In Frankfurt, they quickly recognized his talent: Ramsey became the chief producer of the US radio station AFN, in the "Jazzkeller" he met the producer and Caterina Valente discoverer Heinz Gietz.

The singing cuddly bear

"Do you want to sing rock'n'roll or something funny?" Gietz asked the American in 1957. "Rock'n'roll was banned for jazzmen back then, a mix of hillbilly and pop, I did not care," says Ramsey. And decided on something funny.

In the fifties and sixties, the Germans were on the one hand eagerly on Schnulzen à la Rudi Schuricke ("If at Capri ...") or Lale Andersen ("A ship will come"). On the other hand, the economic miracle country could not be satiated with lively nonsense, from "Water is There for Washing" (The Peheiros) to "I Do Not Want Chocolate" (Trude Herr). There was a lot of room for international interpreters like Caterina Valente, Wencke Myhre or Chris Howland. And also for musicians with roots in jazz, but who became famous through hits, such as Paul Kuhn and Nana Mouskouri or Bill Ramsey.

From then on, he became the singing cuddly bear in a large-scale jacket, fleshly carefreeness. A jester with a bouquet of colorful balloons in his hand. "He has a voice like a lion who is terribly hungry," enthused the Hamburger Abendblatt in 1960.

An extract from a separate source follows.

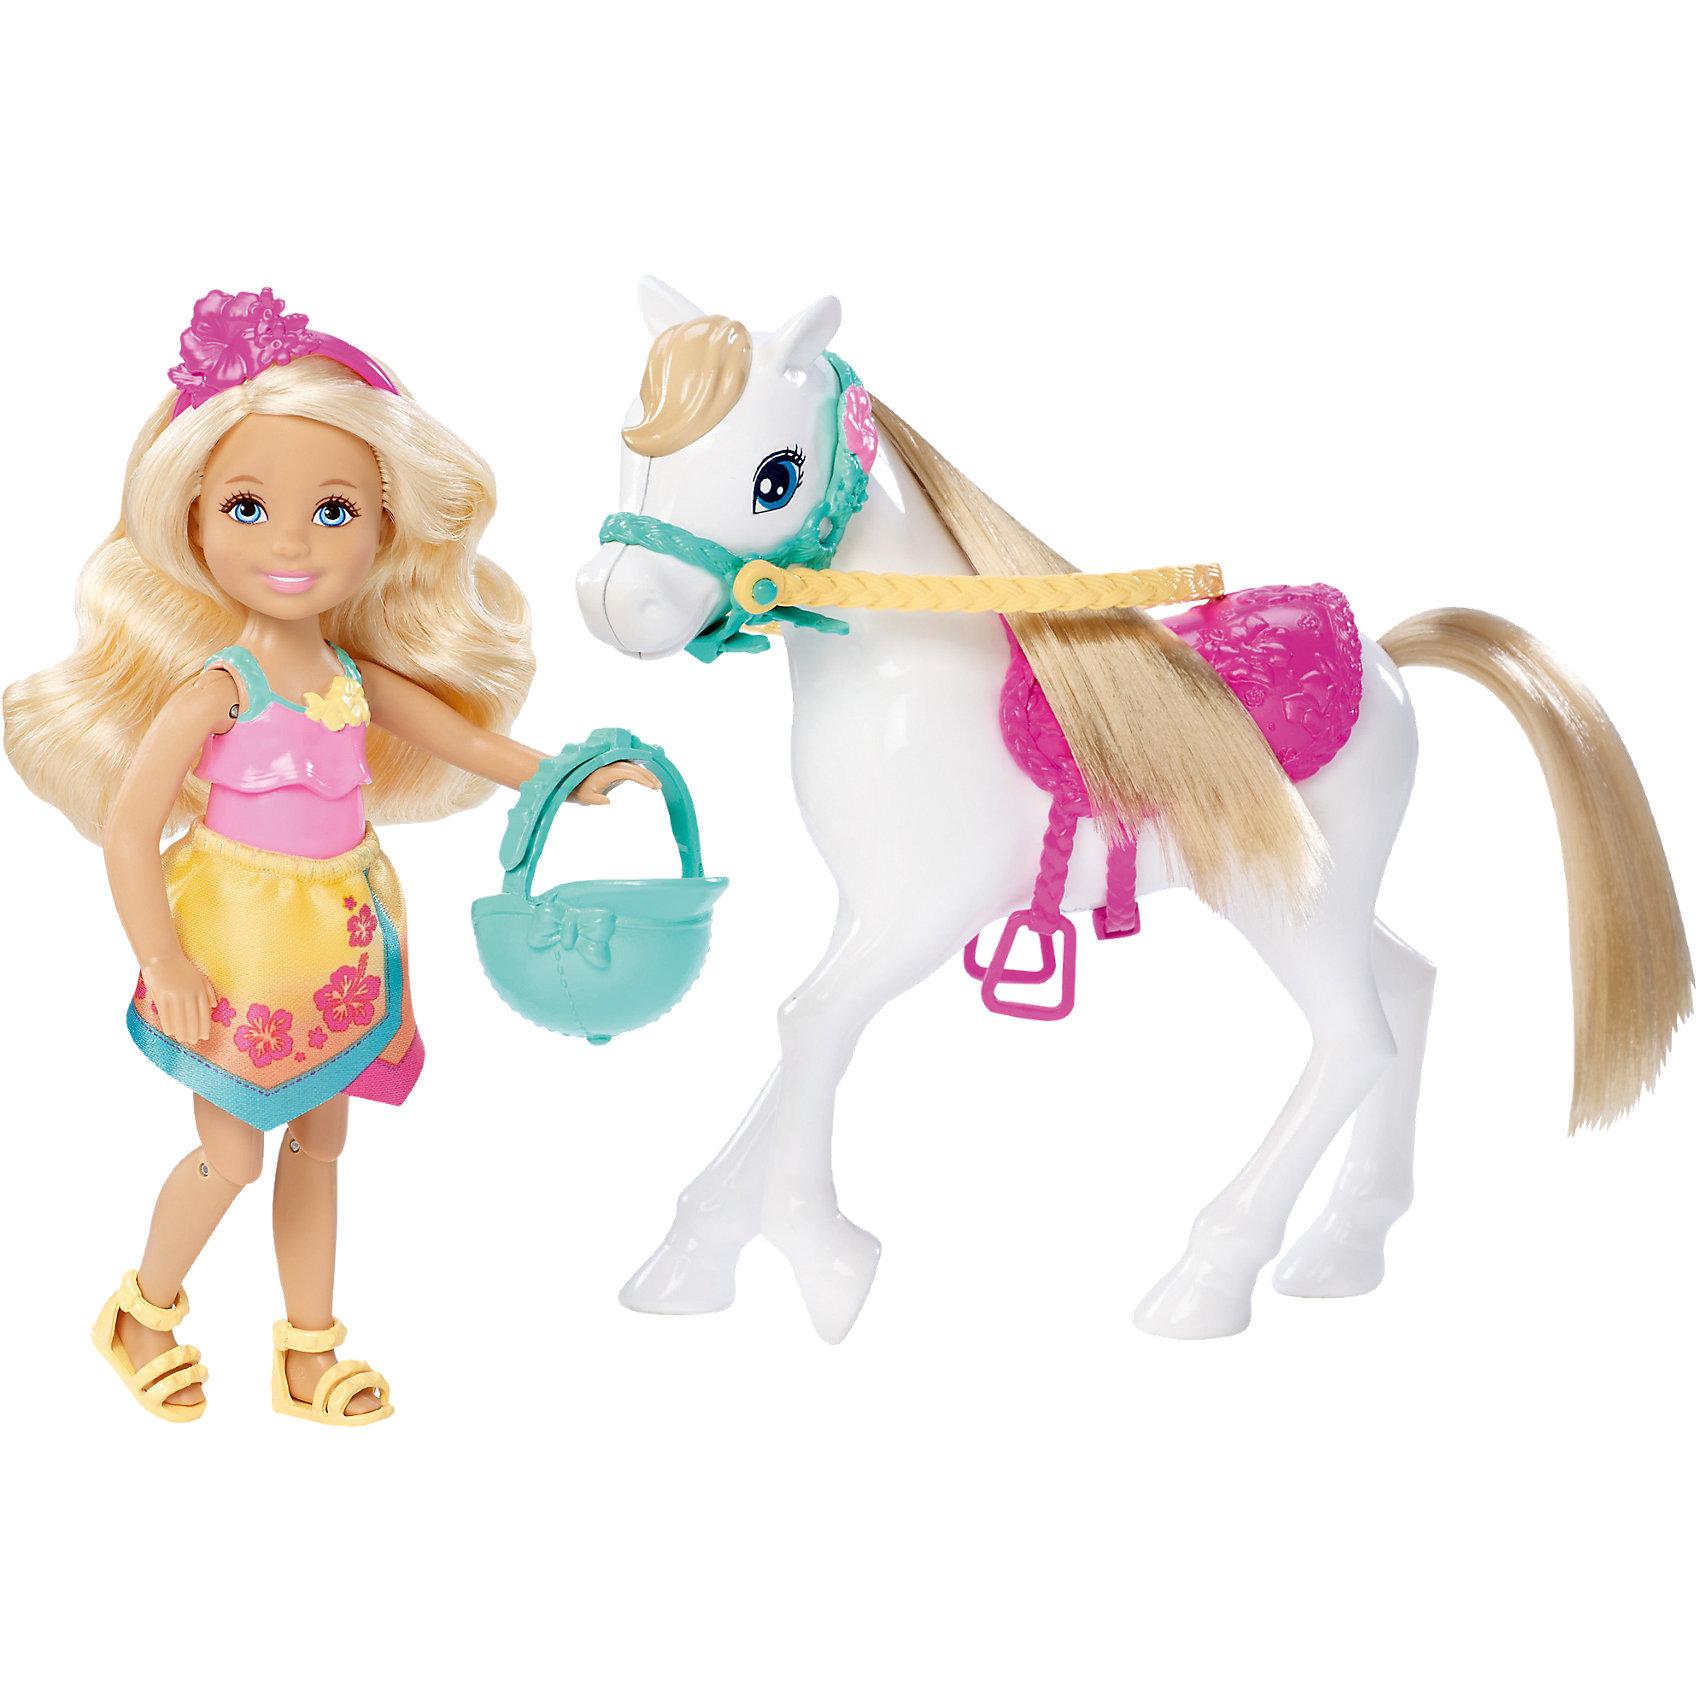 Кукла Челси и пони, BarbieКукла Челси и пони, Barbie от Mattel (Маттел) ? игрушка, созданная по мотивам мультфильма  Вarbie и сестры: в поисках щенков. Игровой комплект состоит из мини-куклы Челси, пони и аксессуаров. Все детали выполнены из высококачественного пластика, устойчивого к повреждениям и изменению цвета. <br>У Челси подвижные руки, ноги и голова, она умеет капаться верхом, для этого предназначен и ее наряд: маечка, свободная юбочка с запахом спереди, желтые босоножки и яркий ободок на голове. У Челси имеется шлем, который обеспечивает безопасность во время катания. У пони ? пышная и длинная грива, на спине ? розовое седло со стременами.<br>Кукла Челси и пони, Barbie от Mattel (Маттел) может быть отличным вариантом в качестве подарка для девочки к любому торжеству.<br><br>Дополнительная информация:<br><br>- Вид игр: сюжетно-ролевые <br>- Предназначение: для дома<br>- Серия: по мотивам мультфильма Вarbie и сестры: в поисках щенков <br>- Материал: пластик, резина, текстиль<br>- Высота: куклы ? 13 см, пони ? 15 см<br>- Особенности ухода: куклу и аксессуары можно мыть в теплой мыльной воде<br><br>Подробнее:<br><br>• Для детей в возрасте: от 3 лет и до 6 лет<br>• Страна производитель: Китай<br>• Торговый бренд: Barbie<br><br>Куклу Челси и пони, Barbie от Mattel (Маттел) можно купить в нашем интернет-магазине.<br><br>Ширина мм: 259<br>Глубина мм: 238<br>Высота мм: 66<br>Вес г: 249<br>Возраст от месяцев: 36<br>Возраст до месяцев: 72<br>Пол: Женский<br>Возраст: Детский<br>SKU: 4765319

And because the hit was also so well-riddled as a film, Ramsey was seen in almost 30 theatrical films, with titles such as "Music is Trump" (1961) and "Liebesgrüße aus Tirol" (1964). Mostly he took over comical supporting roles and played himself: the singing Bill.

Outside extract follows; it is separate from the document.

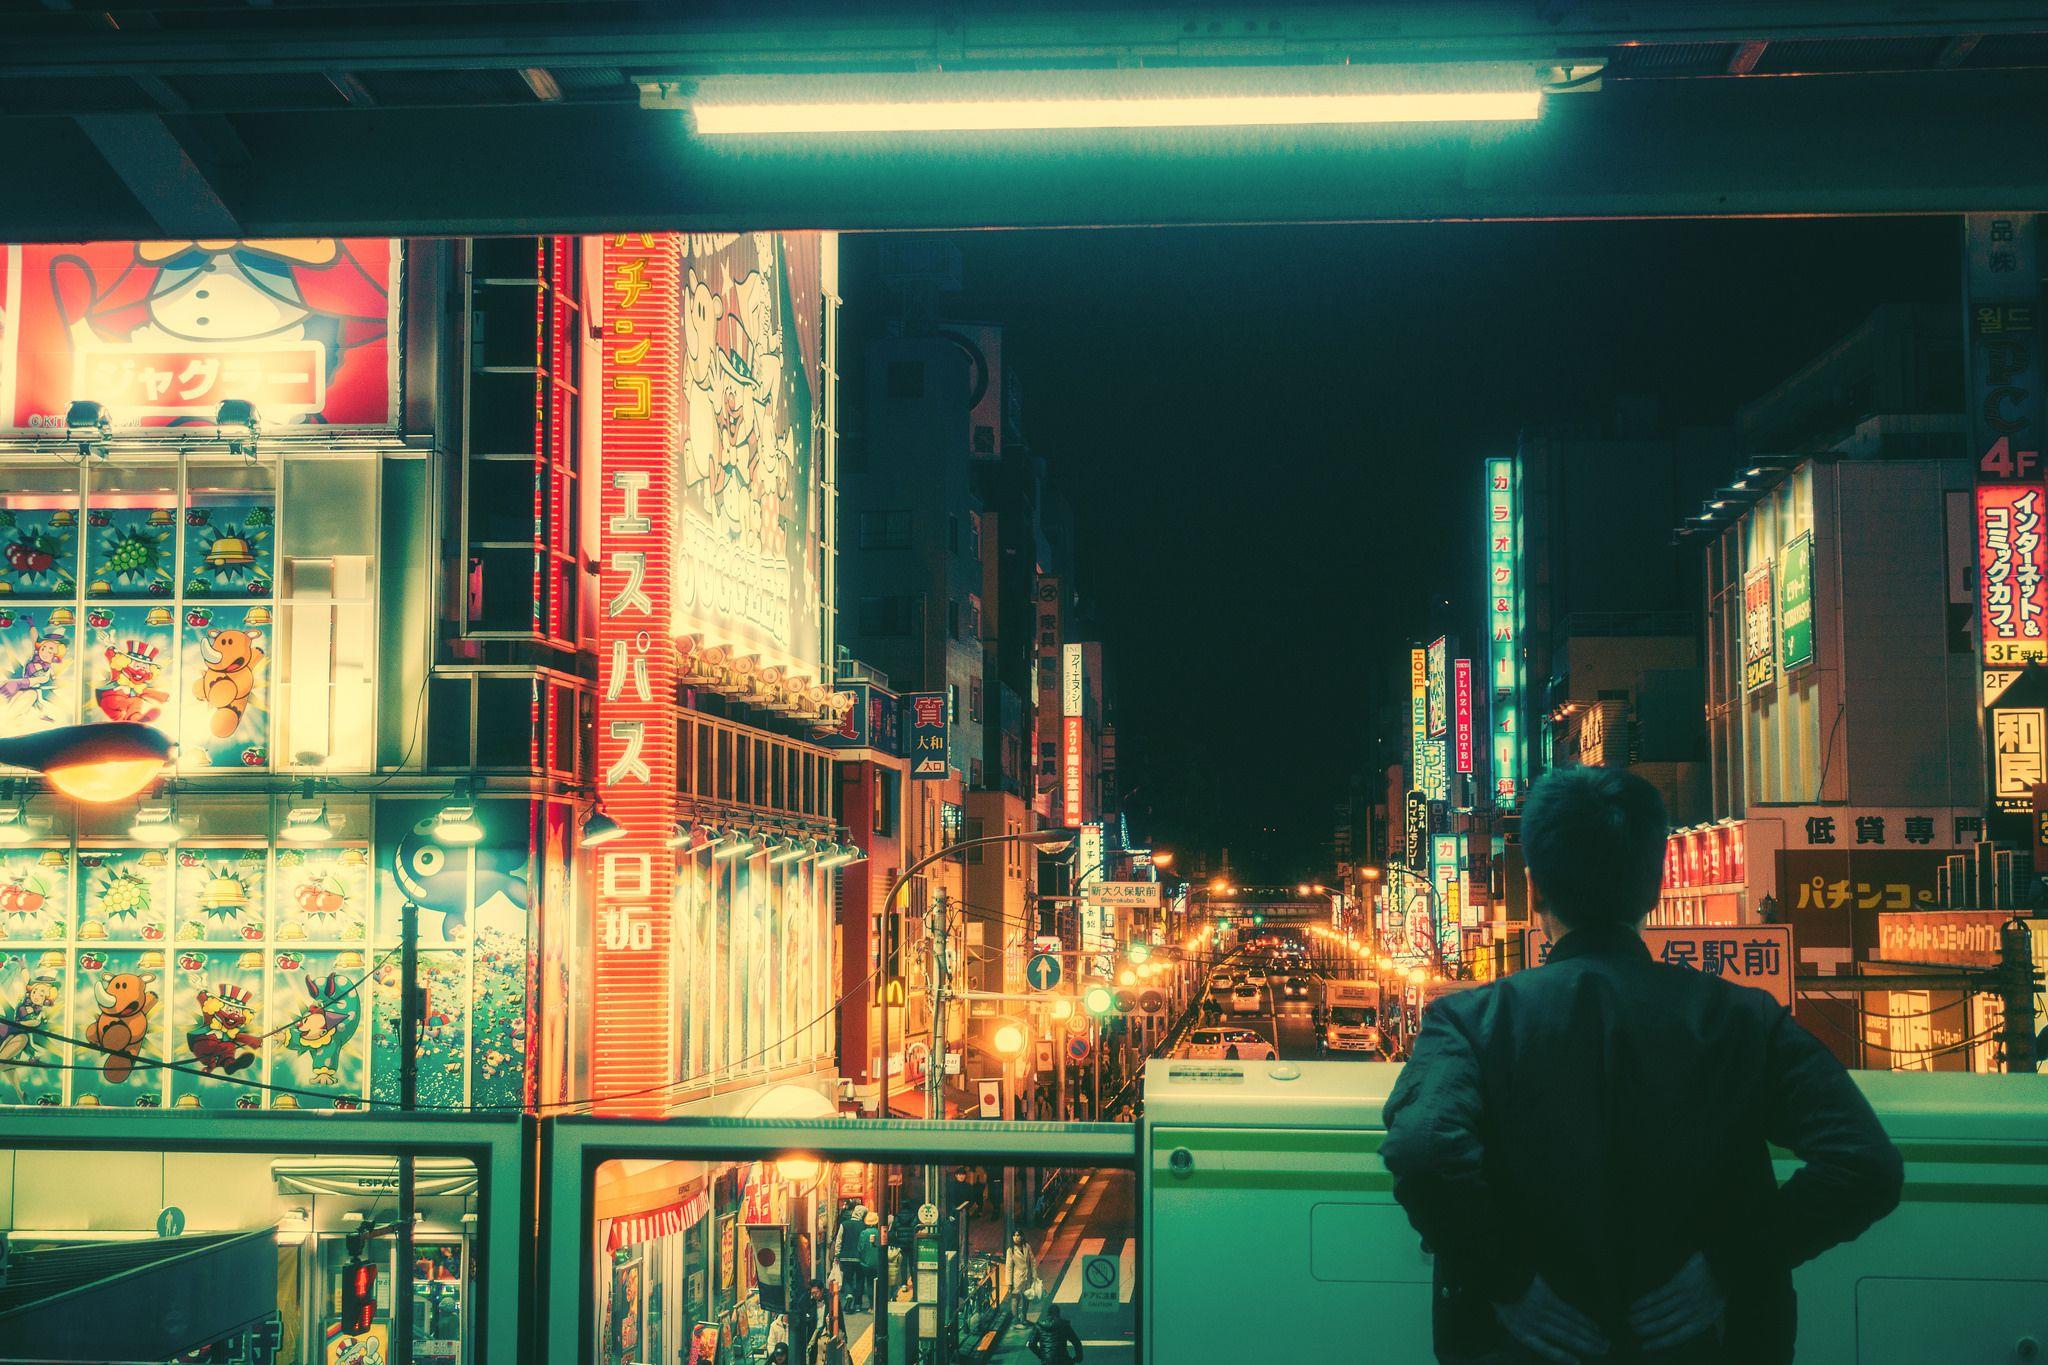 Ảnh ngắm thành phố về đêm một mình

He was loved and despised for that. "There were people who did not greet me anymore," Ramsey says. And he complains about the elitist "jazz police" who accused him of betrayal because he had turned to the easily digestible, commercially profitable genre.

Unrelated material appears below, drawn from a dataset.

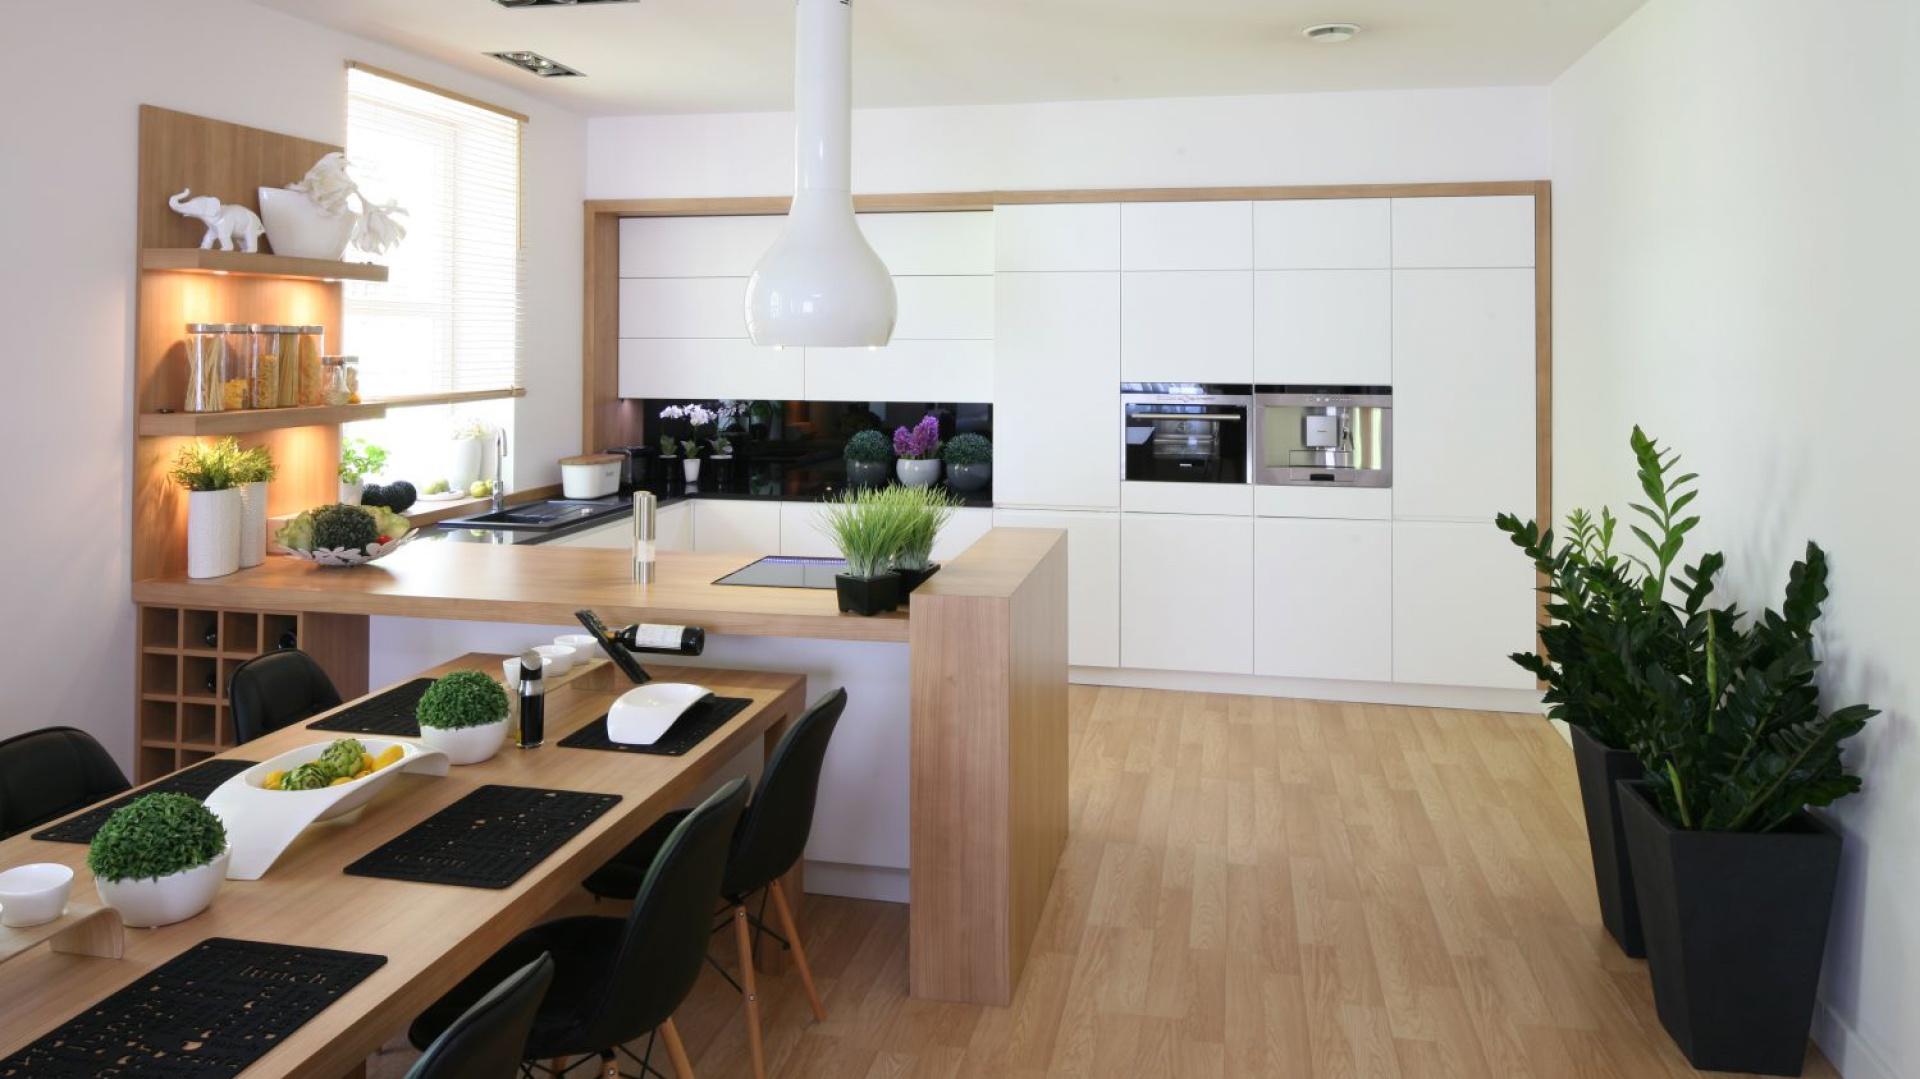 Nowoczesna kuchnia z białymi frontami wykończonymi w macie. Zabudowa kuchenna na jedną ścianę przyciąga wzrok, dominując nad całością aranżacji. Oprawiona w okalającą ją drewnianą ramę prezentuje się nadzwyczaj efektownie. Towarzyszy jej półwysep z drewnianym blatem, przy którym ustawiono długi, drewniany stół. Projekt: Małgorzata Błaszczak. Fot. Bartosz Jarosz.

"It does not matter what you play, but how you play," he quotes Louis Armstrong. And sticks to the Schlager drawer: "Strictly speaking, that was not a hit, that was Novelty! There was no such thing before," Ramsey emphasizes. Ironically funny nonsense texts to a music that damn swings.

"Listen," he shouts, "you flick on two and four with your fingers." Then he starts: "Without a thriller, Mimi never goes to bed, never to bed, two, four, two, four, rum-dada-dab-dab-schnapp-schnapp!" Nevertheless, the features column Ramsey scrounged Ramsey a pop singer, complained the "continuous flushing of German auditory canals by radio waves with simply fabricated Bla Bla rhymes in a common setting," said DER SPIEGEL in 1963.

Good mood clown against his will

In the 1960s Ramsey tried to emancipate himself from underground music and sought his way back to his jazz roots - "a difficult road". Because the image of the good-mood clown had stuck to him. "The public wants his Bill as a mood cannon and not as a jazz interpreter," said producer Gietz 1966 SPIEGEL. It was not until Ramsey made a financial contribution that his record company was ready for an album of blues and ballads.

Even decades later, when Ramsey had long since recaptured his reputation as a jazz great, people always wanted just one thing: the sugar doll. "Well, that's just my fate," says the man with the snow-white hair. He's wearing it with humor.

Ramsey played a piano player in Apaches Last Battle (1963) with Lex Barker and Pierre Brice.